:: Dataset ::
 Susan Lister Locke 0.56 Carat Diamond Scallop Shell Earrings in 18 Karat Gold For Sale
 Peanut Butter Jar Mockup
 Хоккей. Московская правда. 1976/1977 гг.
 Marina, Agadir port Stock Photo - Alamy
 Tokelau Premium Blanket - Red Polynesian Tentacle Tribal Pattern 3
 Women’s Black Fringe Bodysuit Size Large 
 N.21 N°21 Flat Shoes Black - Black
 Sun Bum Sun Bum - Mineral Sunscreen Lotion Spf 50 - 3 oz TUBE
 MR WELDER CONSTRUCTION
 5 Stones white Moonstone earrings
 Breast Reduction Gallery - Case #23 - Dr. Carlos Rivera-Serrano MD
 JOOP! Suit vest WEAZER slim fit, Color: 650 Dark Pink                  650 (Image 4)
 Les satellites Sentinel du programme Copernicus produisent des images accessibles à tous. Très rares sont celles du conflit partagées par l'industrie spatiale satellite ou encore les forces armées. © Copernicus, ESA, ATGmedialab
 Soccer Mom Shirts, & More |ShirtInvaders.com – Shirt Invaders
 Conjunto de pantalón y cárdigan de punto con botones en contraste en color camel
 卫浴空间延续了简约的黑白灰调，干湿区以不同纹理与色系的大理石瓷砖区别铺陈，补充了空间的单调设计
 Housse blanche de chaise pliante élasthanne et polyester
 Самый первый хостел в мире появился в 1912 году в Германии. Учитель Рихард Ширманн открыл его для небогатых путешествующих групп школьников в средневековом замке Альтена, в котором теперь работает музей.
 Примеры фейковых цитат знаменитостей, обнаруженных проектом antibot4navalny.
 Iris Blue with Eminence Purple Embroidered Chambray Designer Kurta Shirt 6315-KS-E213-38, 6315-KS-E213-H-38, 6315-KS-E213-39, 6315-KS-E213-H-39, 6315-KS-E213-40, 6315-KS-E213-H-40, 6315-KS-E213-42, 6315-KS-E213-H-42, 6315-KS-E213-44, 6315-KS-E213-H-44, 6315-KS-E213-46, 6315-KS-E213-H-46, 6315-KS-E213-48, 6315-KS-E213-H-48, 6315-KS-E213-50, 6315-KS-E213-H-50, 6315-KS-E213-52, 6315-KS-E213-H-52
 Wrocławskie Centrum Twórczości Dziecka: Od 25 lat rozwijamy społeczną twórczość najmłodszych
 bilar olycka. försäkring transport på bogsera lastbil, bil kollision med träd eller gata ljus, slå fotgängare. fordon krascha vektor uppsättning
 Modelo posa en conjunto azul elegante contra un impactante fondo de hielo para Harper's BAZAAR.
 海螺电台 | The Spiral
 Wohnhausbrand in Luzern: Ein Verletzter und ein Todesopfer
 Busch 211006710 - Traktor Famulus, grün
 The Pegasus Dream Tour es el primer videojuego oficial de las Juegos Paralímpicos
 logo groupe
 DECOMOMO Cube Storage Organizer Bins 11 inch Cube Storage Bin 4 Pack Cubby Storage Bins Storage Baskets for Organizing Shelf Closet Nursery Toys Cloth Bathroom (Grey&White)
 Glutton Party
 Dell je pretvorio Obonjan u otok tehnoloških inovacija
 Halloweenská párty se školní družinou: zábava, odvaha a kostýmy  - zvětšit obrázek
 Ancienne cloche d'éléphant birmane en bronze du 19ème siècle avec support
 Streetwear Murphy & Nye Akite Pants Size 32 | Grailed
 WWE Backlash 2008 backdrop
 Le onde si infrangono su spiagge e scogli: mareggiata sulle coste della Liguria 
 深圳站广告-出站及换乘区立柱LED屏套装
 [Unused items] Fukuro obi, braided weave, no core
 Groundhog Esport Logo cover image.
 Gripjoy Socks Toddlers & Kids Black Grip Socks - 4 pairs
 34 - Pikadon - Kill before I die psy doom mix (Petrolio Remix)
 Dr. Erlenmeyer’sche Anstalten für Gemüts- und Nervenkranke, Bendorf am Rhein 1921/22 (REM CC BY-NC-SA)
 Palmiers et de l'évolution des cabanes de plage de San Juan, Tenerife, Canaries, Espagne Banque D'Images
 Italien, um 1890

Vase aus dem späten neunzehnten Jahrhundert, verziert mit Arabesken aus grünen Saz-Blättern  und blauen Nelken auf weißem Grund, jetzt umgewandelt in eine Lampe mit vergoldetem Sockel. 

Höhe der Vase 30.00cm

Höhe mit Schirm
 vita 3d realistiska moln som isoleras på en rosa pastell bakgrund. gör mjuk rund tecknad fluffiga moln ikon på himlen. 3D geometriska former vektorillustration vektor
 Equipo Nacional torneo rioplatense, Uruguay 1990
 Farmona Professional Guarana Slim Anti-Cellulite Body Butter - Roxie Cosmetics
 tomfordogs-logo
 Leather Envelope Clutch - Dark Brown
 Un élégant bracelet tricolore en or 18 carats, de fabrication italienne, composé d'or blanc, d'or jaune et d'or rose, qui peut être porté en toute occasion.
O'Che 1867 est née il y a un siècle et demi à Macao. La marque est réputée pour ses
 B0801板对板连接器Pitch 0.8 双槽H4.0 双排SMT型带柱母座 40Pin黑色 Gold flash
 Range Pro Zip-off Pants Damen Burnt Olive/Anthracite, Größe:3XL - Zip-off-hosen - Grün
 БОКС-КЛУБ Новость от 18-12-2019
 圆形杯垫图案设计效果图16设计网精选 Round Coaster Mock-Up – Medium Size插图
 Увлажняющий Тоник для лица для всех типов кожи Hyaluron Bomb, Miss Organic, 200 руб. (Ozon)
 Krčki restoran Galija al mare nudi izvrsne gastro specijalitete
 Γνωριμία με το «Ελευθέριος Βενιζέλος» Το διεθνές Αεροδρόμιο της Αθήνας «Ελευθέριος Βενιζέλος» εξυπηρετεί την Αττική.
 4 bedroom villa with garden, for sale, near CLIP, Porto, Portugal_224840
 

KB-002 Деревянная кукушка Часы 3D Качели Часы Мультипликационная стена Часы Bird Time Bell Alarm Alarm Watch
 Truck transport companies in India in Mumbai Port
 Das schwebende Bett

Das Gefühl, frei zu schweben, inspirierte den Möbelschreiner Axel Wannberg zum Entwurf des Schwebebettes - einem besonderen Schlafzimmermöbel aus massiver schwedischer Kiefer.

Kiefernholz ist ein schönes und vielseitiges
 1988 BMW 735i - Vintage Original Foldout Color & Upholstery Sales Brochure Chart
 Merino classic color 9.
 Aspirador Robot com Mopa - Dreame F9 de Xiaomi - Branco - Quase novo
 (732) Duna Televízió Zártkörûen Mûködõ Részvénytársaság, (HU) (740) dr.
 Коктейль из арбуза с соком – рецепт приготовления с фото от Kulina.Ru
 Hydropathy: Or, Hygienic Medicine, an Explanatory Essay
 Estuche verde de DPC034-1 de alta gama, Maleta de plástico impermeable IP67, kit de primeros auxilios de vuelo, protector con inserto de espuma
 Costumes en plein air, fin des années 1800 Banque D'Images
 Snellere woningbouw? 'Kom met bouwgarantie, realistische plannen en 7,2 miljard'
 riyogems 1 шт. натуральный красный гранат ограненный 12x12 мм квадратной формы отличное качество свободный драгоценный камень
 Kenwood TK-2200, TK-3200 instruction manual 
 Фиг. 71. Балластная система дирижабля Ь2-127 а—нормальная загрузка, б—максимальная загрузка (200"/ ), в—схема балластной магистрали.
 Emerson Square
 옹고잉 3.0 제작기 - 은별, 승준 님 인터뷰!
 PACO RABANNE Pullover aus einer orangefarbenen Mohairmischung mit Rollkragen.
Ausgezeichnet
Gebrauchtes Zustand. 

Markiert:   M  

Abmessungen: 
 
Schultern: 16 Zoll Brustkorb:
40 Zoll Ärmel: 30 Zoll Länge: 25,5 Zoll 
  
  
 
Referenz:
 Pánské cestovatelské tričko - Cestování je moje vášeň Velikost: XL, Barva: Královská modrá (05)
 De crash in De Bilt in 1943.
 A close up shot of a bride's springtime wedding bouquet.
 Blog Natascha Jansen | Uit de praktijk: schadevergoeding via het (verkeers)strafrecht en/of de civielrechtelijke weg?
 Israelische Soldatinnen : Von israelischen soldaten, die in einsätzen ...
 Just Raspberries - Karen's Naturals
:::
With the line containing "40 Zoll Ärmel: 30 Zoll Länge: 25,5 Zoll" as the first and the final line of the records as the last, copy that span exactly and nothing more.

* _Response to the exercise_
40 Zoll Ärmel: 30 Zoll Länge: 25,5 Zoll 
  
  
 
Referenz:
 Pánské cestovatelské tričko - Cestování je moje vášeň Velikost: XL, Barva: Královská modrá (05)
 De crash in De Bilt in 1943.
 A close up shot of a bride's springtime wedding bouquet.
 Blog Natascha Jansen | Uit de praktijk: schadevergoeding via het (verkeers)strafrecht en/of de civielrechtelijke weg?
 Israelische Soldatinnen : Von israelischen soldaten, die in einsätzen ...
 Just Raspberries - Karen's Naturals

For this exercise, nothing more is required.